What is LLM Observability?
LLM observability is complete visibility into every layer of an LLM-based software system: the application, the prompt, and the response.
Evaluation is a measure of how well the response answers the prompt.
There are several ways to evaluate LLMs:
- 1.You can collect the feedback directly from your users. This is the simplest way but can often suffer from users not being willing to provide feedback or simply forgetting to do so. Other challenges arise from implementing this at scale.
- 2.The other approach is to use an LLM to evaluate the quality of the response for a particular prompt. This is more scalable and very useful but comes with typical LLM setbacks.
For more complex or agentic workflows, it may not be obvious which call in a span or which span in your trace (a run through your entire use case) is causing the problem. You may need to repeat the evaluation process on several spans before you narrow down the problem.
This pillar is largely about diving deep into the system to isolate the issue you are investigating.
Prompt engineering is the cheapest, fastest, and often the highest-leverage way to improve the performance of your application. Often, LLM performance can be improved simply by comparing different prompt templates, or iterating on the one you have. Prompt analysis is an important component in troubleshooting your LLM's performance.

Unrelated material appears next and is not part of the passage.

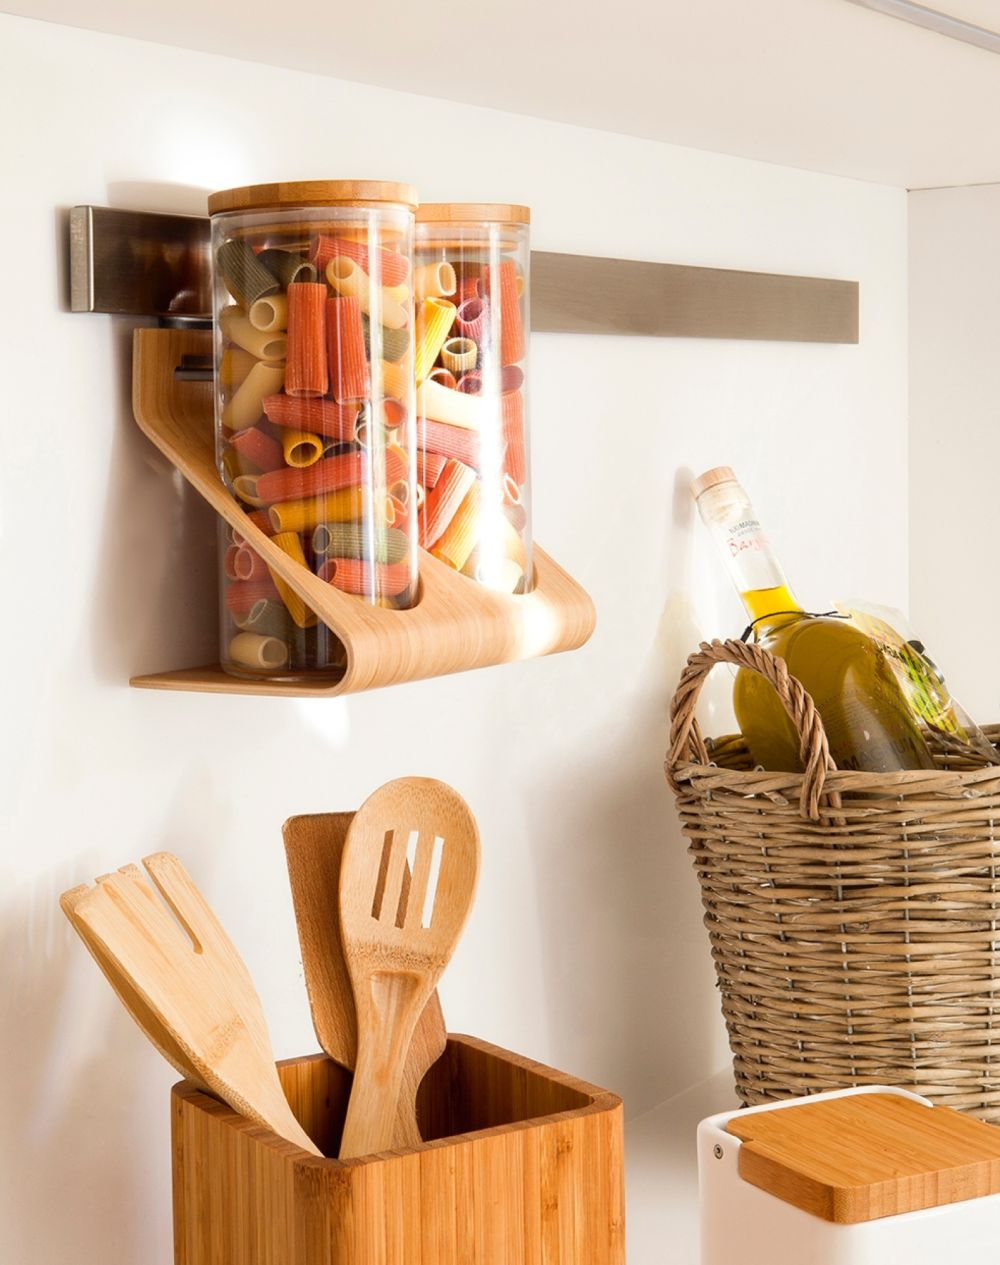 adelaparvu-com-despre-apartament-cald-in-tonuri-neutre-locuinta-spania-design-interior-laura-argelich-si-carla-casanova-foto-jordi-canosa-elmueble-6
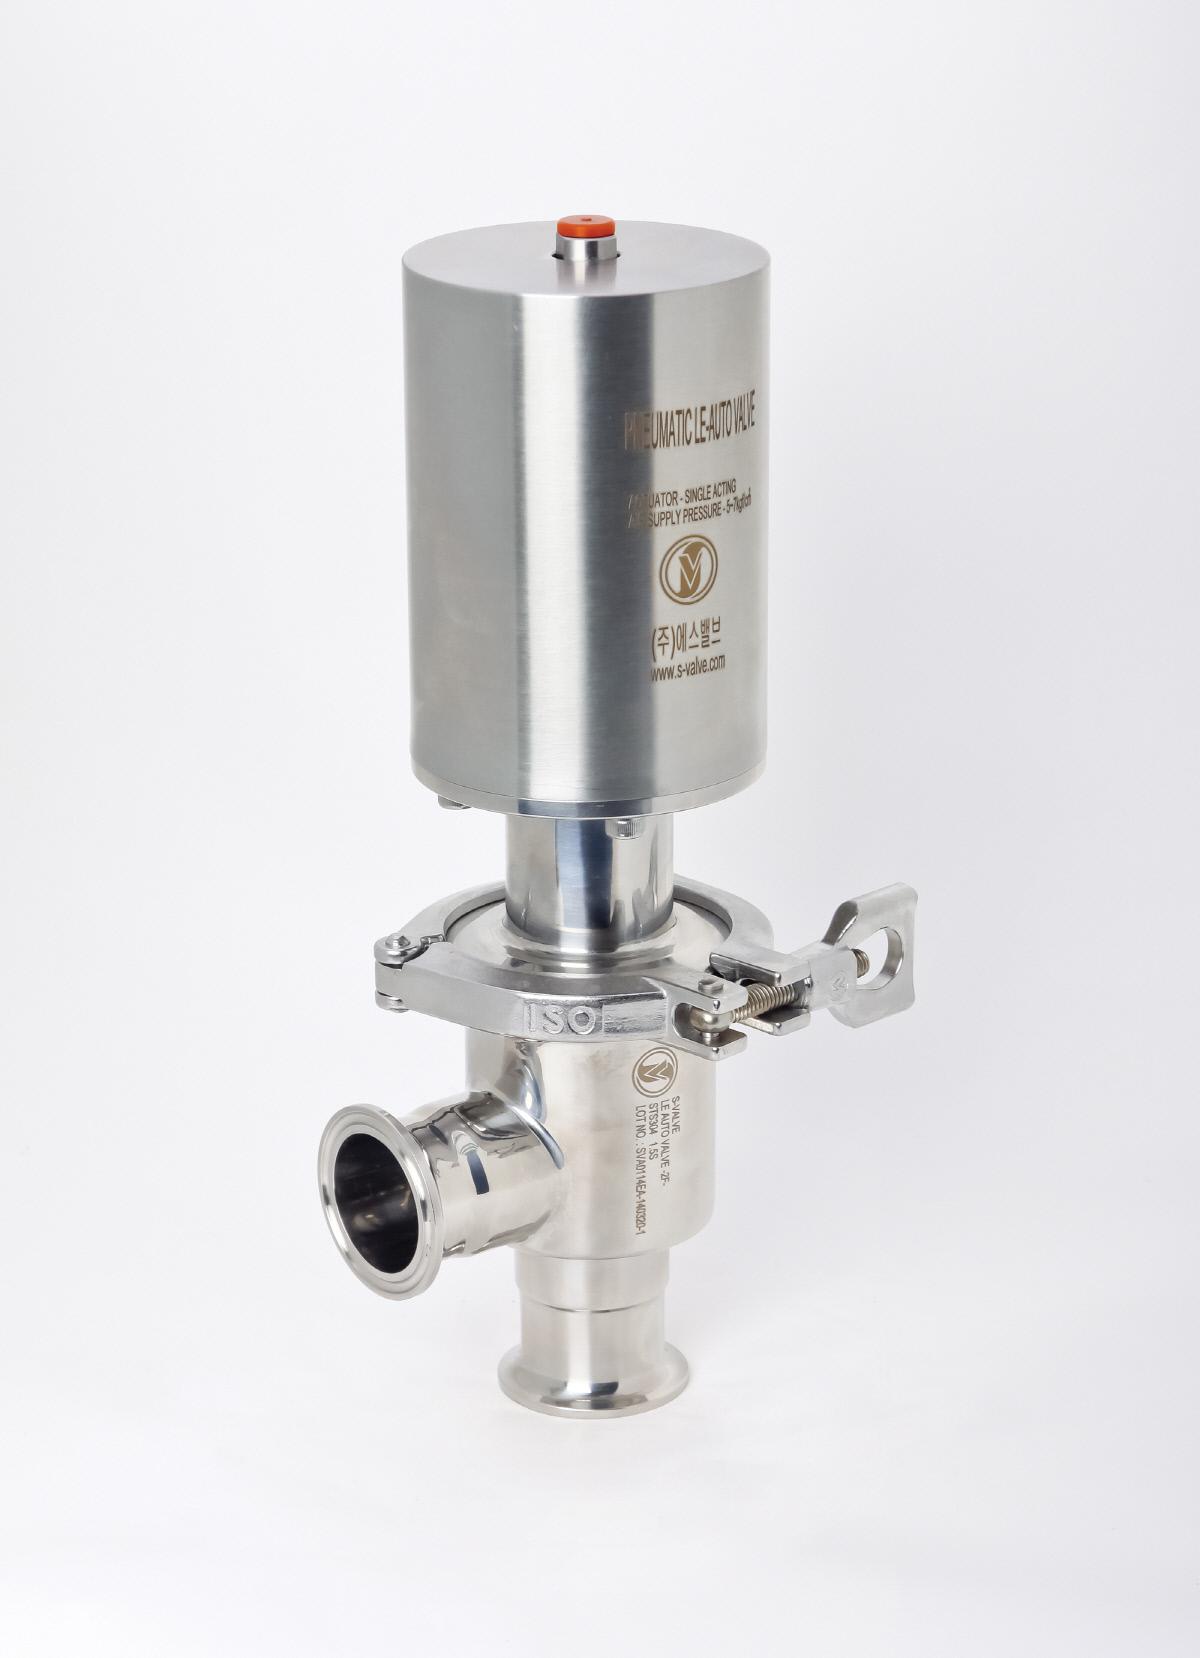 S-valve_0096.jpg

A common way to improve performance is with more relevant information being fed in.
If you can retrieve more relevant information, your prompt improves automatically. Troubleshooting retrieval systems, however, is more complex. Are there queries that don’t have sufficient context? Should you add more context for these queries to get better answers? Or should you change your embeddings or chunking strategy?
Fine tuning essentially generates a new model that is more aligned with your exact usage conditions. Fine tuning is expensive, difficult, and may need to be done again as the underlying LLM or other conditions of your system change. This is a very powerful technique, requires much higher effort and complexity.